> Assignment:
Images should not appear in the copy, yet every line of the listing below must be printed exactly.

> Given data:
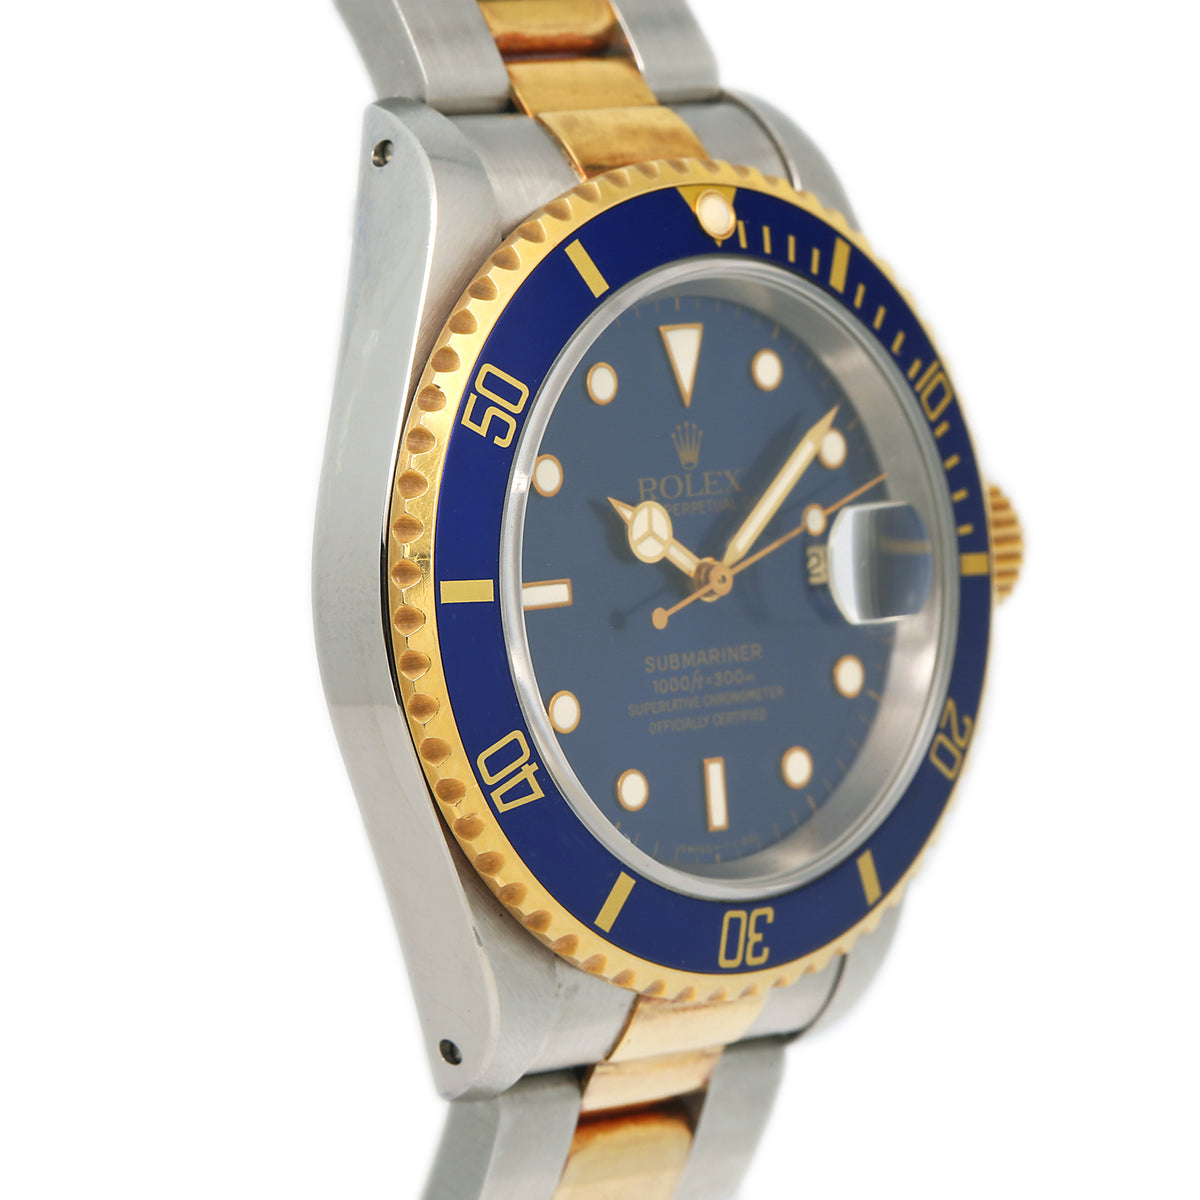 Rolex Submariner 16613 18k Yellow Gold 2 Tone Blue Dial Watch 40mm Box&OpenPaper
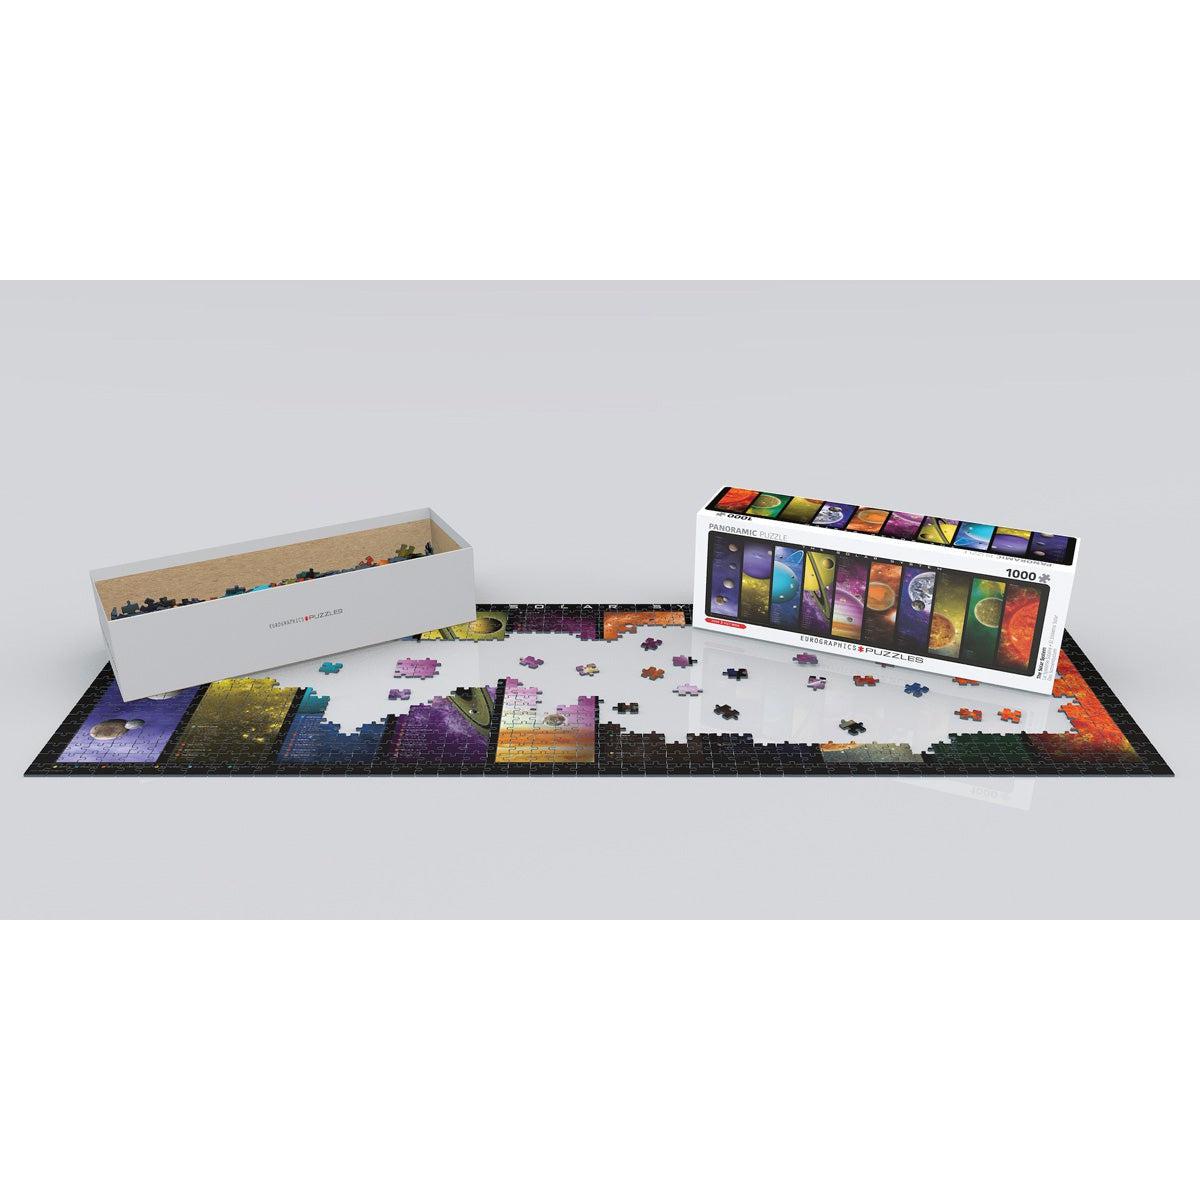 The Solar System 1000 Piece Panoramic Jigsaw Puzzle Eurographics
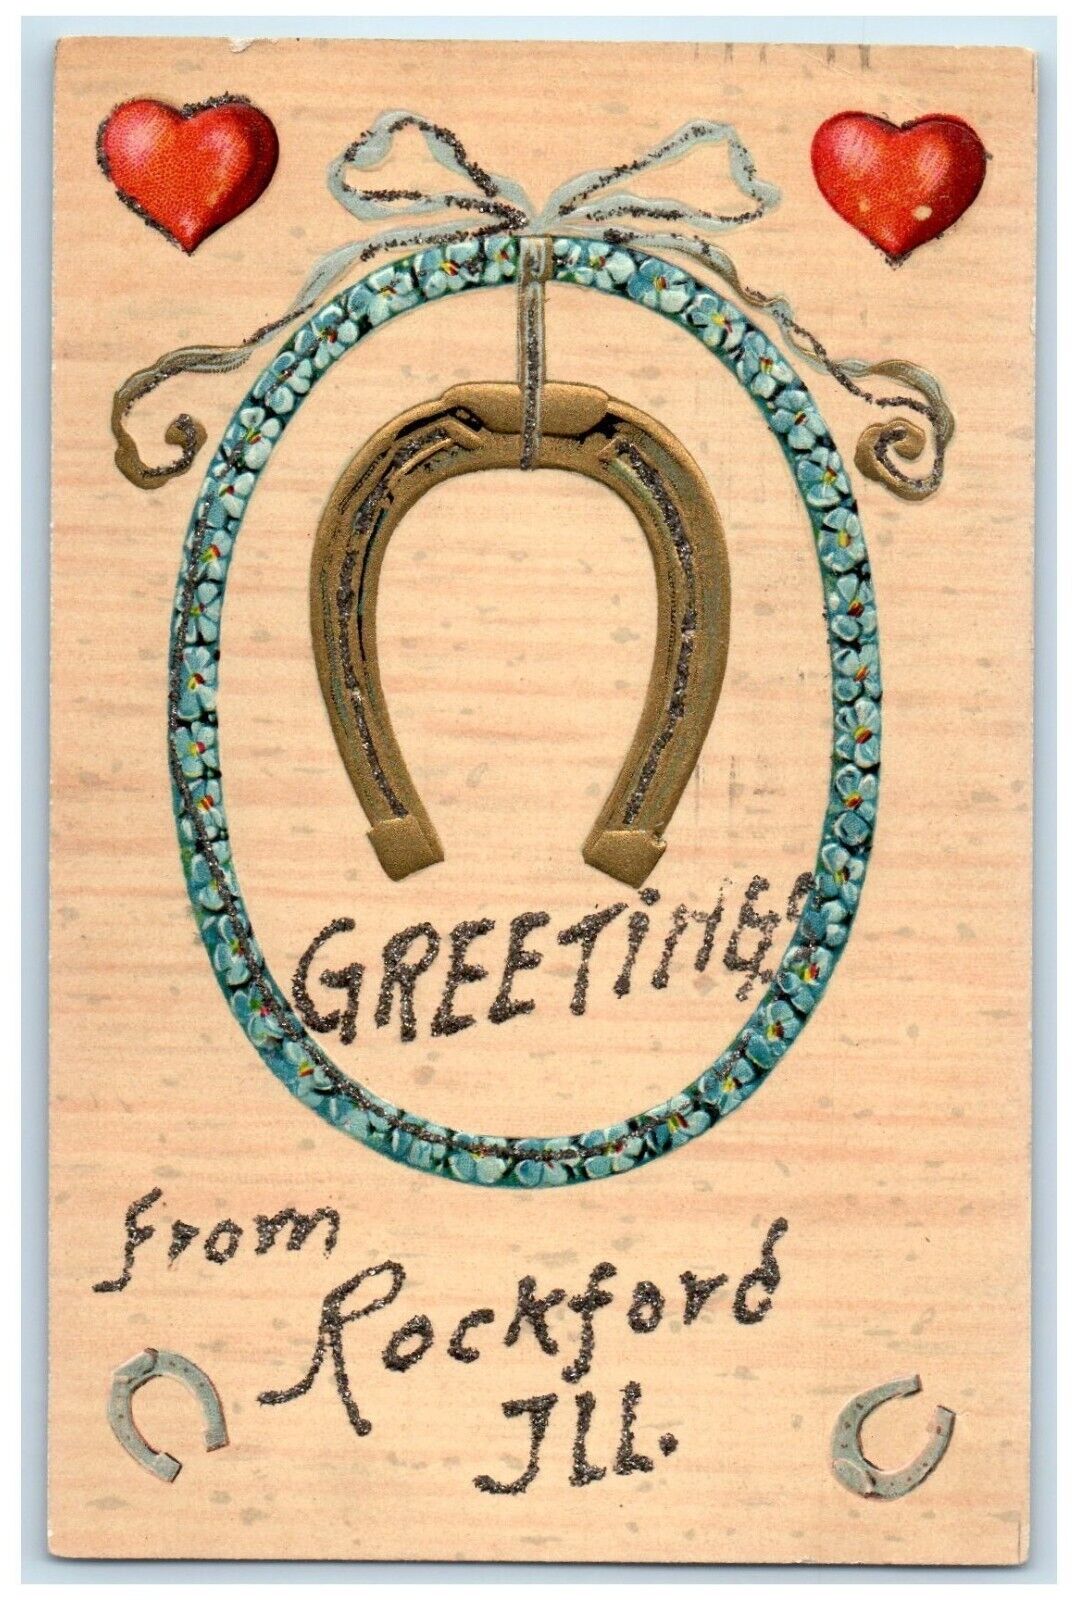 1911 Greetings From Rockford Illinois Embossed Glitter Horseshoe Posted Postcard
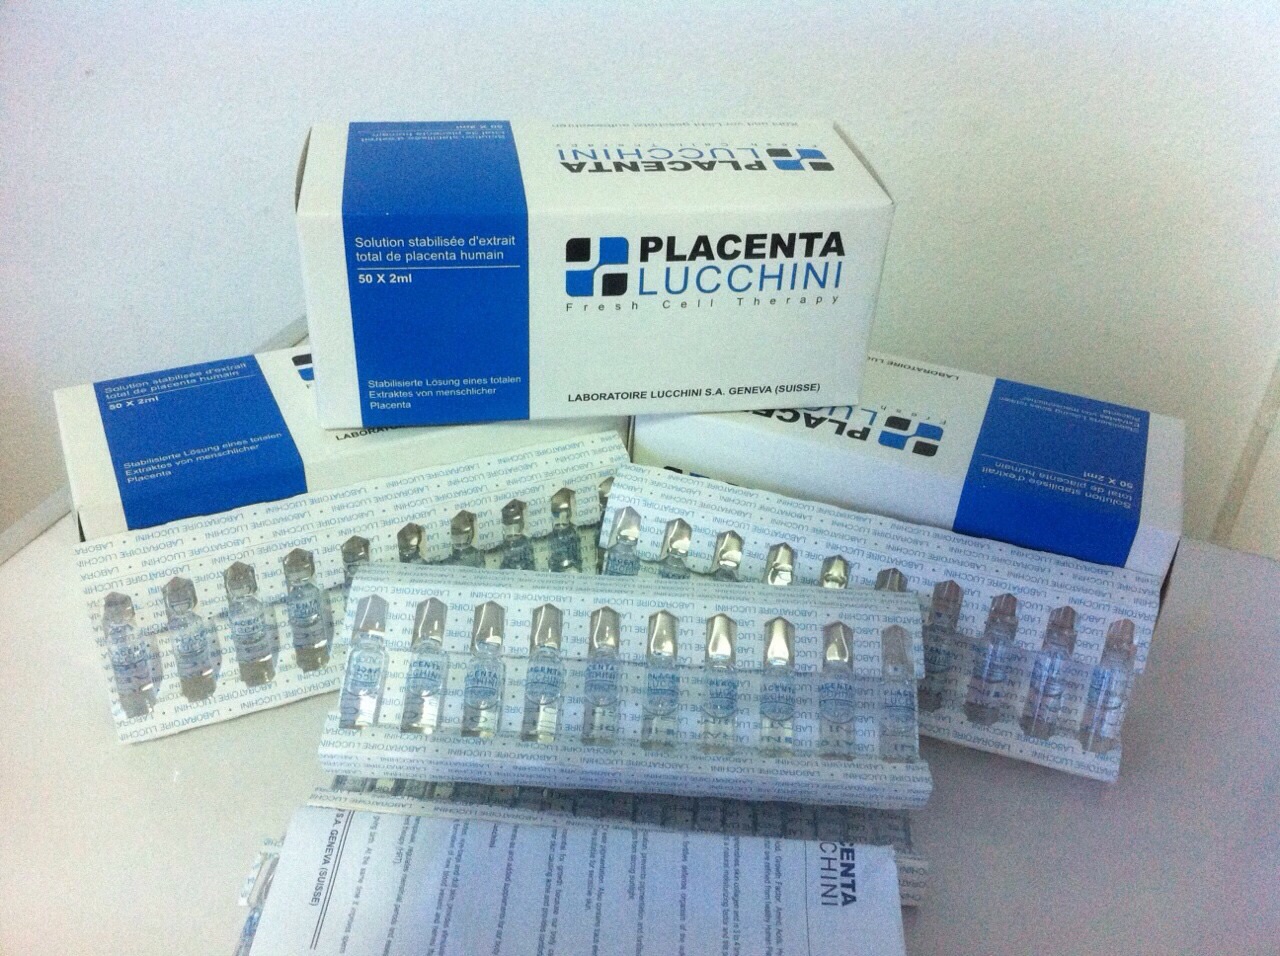 PLACENTA LUCCHINI HUMAN FRESH CELL THERAPY (SWISS) INJECTION by "www.ccthaitown.com"

> Reply to the exercise:
 Rolex Submariner 16613 18k Yellow Gold 2 Tone Blue Dial Watch 40mm Box&OpenPaper
 The Solar System 1000 Piece Panoramic Jigsaw Puzzle Eurographics
 1911 Greetings From Rockford Illinois Embossed Glitter Horseshoe Posted Postcard
 PLACENTA LUCCHINI HUMAN FRESH CELL THERAPY (SWISS) INJECTION by "www.ccthaitown.com"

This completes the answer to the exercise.